If p(x) = a₂x² + a₁x + a₀, what is T(p(x))?

oooo, just a0. Which must be 0 if the p(x) you give is to satisfy the requimrenets for N(T) right?

So essentially the problem is saying P(x)=x and P(x)=x^2?

 

[Mark44]

oooo, just a0. Which must be 0 if the p(x) you give is to satisfy the requimrenets for N(T) right?

No. a₀ can be any real number.

So essentially the problem is saying P(x)=x and P(x)=x^2?

No.
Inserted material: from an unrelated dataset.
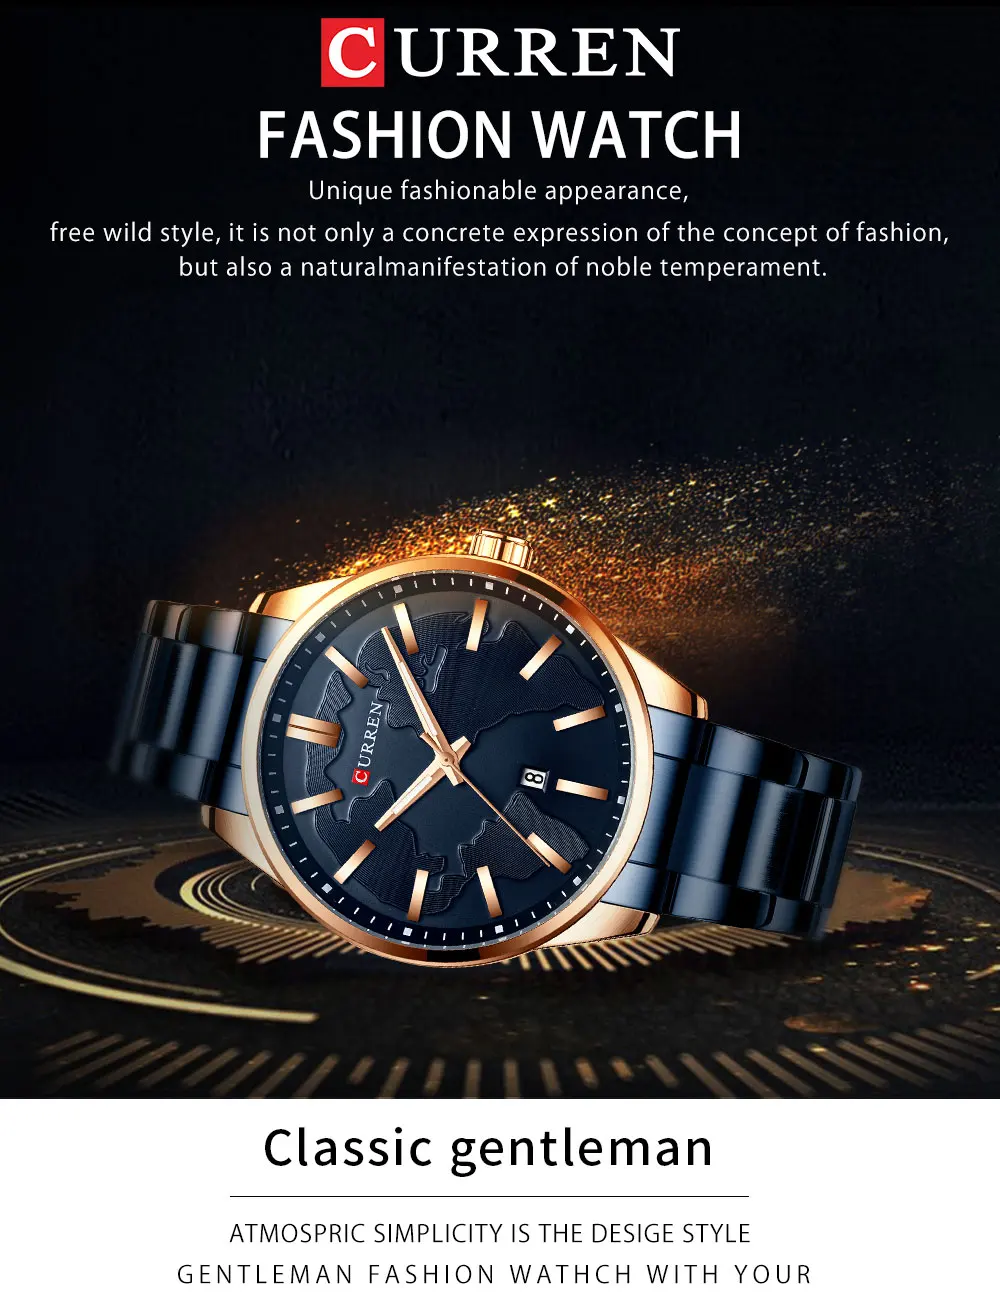 Мужские часы Curren лучший бренд класса люкс кварцевые модные мужские водонепроницаемые часы спортивные мужские наручные часы Relogio Masculino
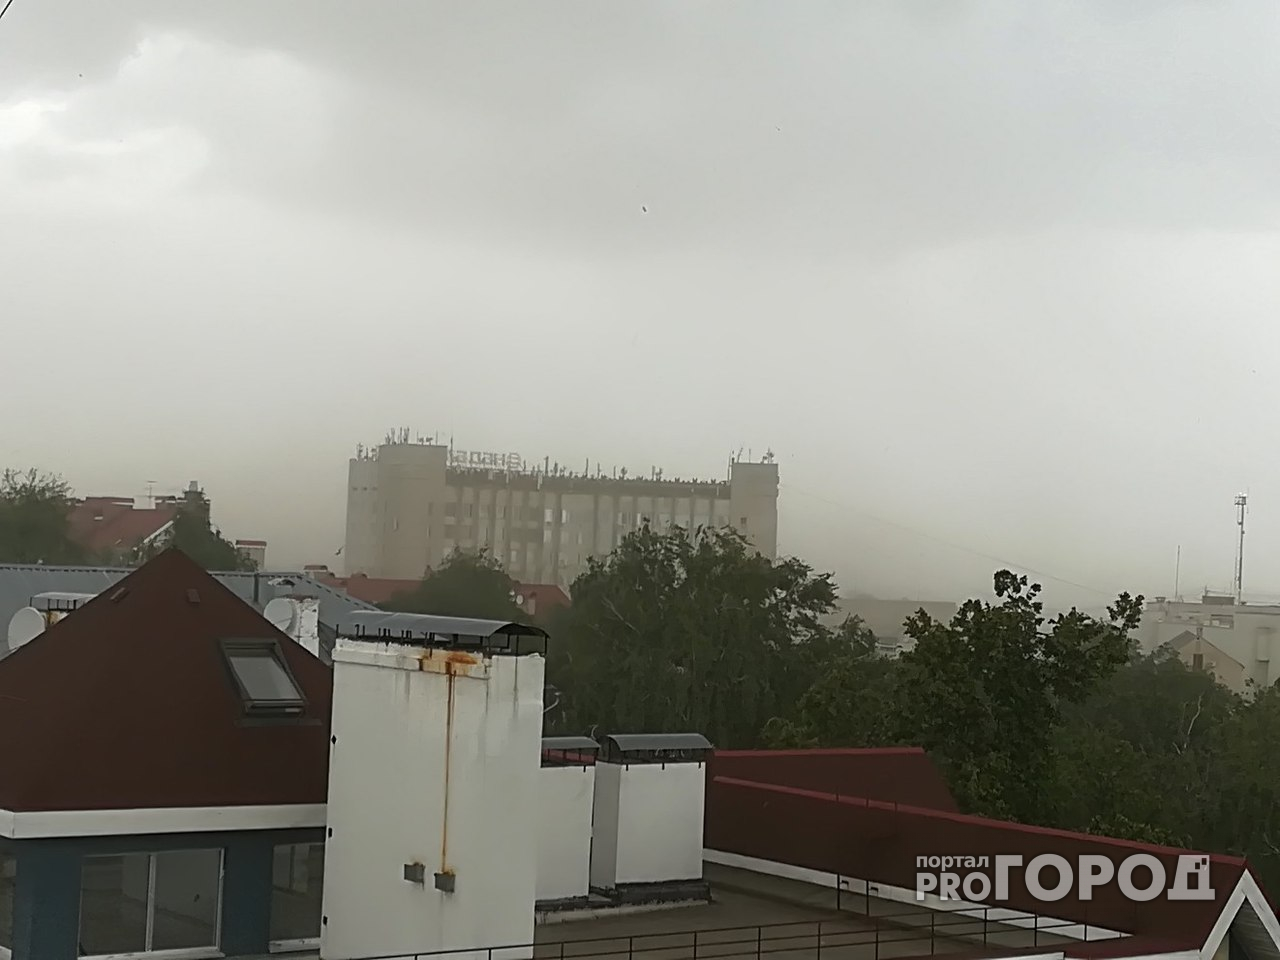 Прогноз погоды на пятницу: придет ли тепло в Нижний Новгород?

How can P(x) be both x and x²?

P(x) is an arbitrary 2nd degree polynomial.

What does it mean for a function to be in the nullspace in this problem?

What is a basis for P₂? What does the transformation T do to each of these basis elements?

 

[Clandry]

It means it can be spanned by the vectors in the basis which is x and x^2. I think a basis for P2 is {1, x, x^2)?

In my textbookthey define N(T)]{ all v in vector space V and T(v)=0.}
So for this problem
N(T)={P(x) such that P(0)=0}
1 would be dropped out because P(0)=0 wouldn't be satisfied.

 

[Mark44]

It means it can be spanned by the vectors in the basis which is x and x^2.

Yes, but the only reason you know that the x and x² are in a basis for the nullspace of T is because you are given the answer.

I think a basis for P2 is {1, x, x^2)?

Yes.

In my textbookthey define N(T)]{ all v in vector space V and T(v)=0.}
So for this problem
N(T)={P(x) such that P(0)=0}

No. N(T) = {P(x) $\in$ P₂ such that T(P(x)) = P(0)}

1 would be dropped out because P(0)=0 wouldn't be satisfied.

What does the transformation T do to each of the three functions in your basis?

 

[Clandry]

That's where I get a bit confused.

T(1)=1
P(x)=x then p(0)=0
So
T(x)=0
T(x^2)=0
?

 

[Mark44]

That's where I get a bit confused.

T(1)=1
P(x)=x then p(0)=0
So
T(x)=0
T(x^2)=0
?

What you have above is OK - where are you confused? You now have enough information to give a basis for Null(T).

 

[Clandry]

Got it, just learned how to do this today in class.
Since
T(1)=1
T(x)=0
T(x^2)=0

They form the transformation matrix:
1 0 0
0 0 0
0 0 0
this is spanned by the vectors {[0 1 0]^t, [0 0 1]^t}
Which correspond to x, and x^2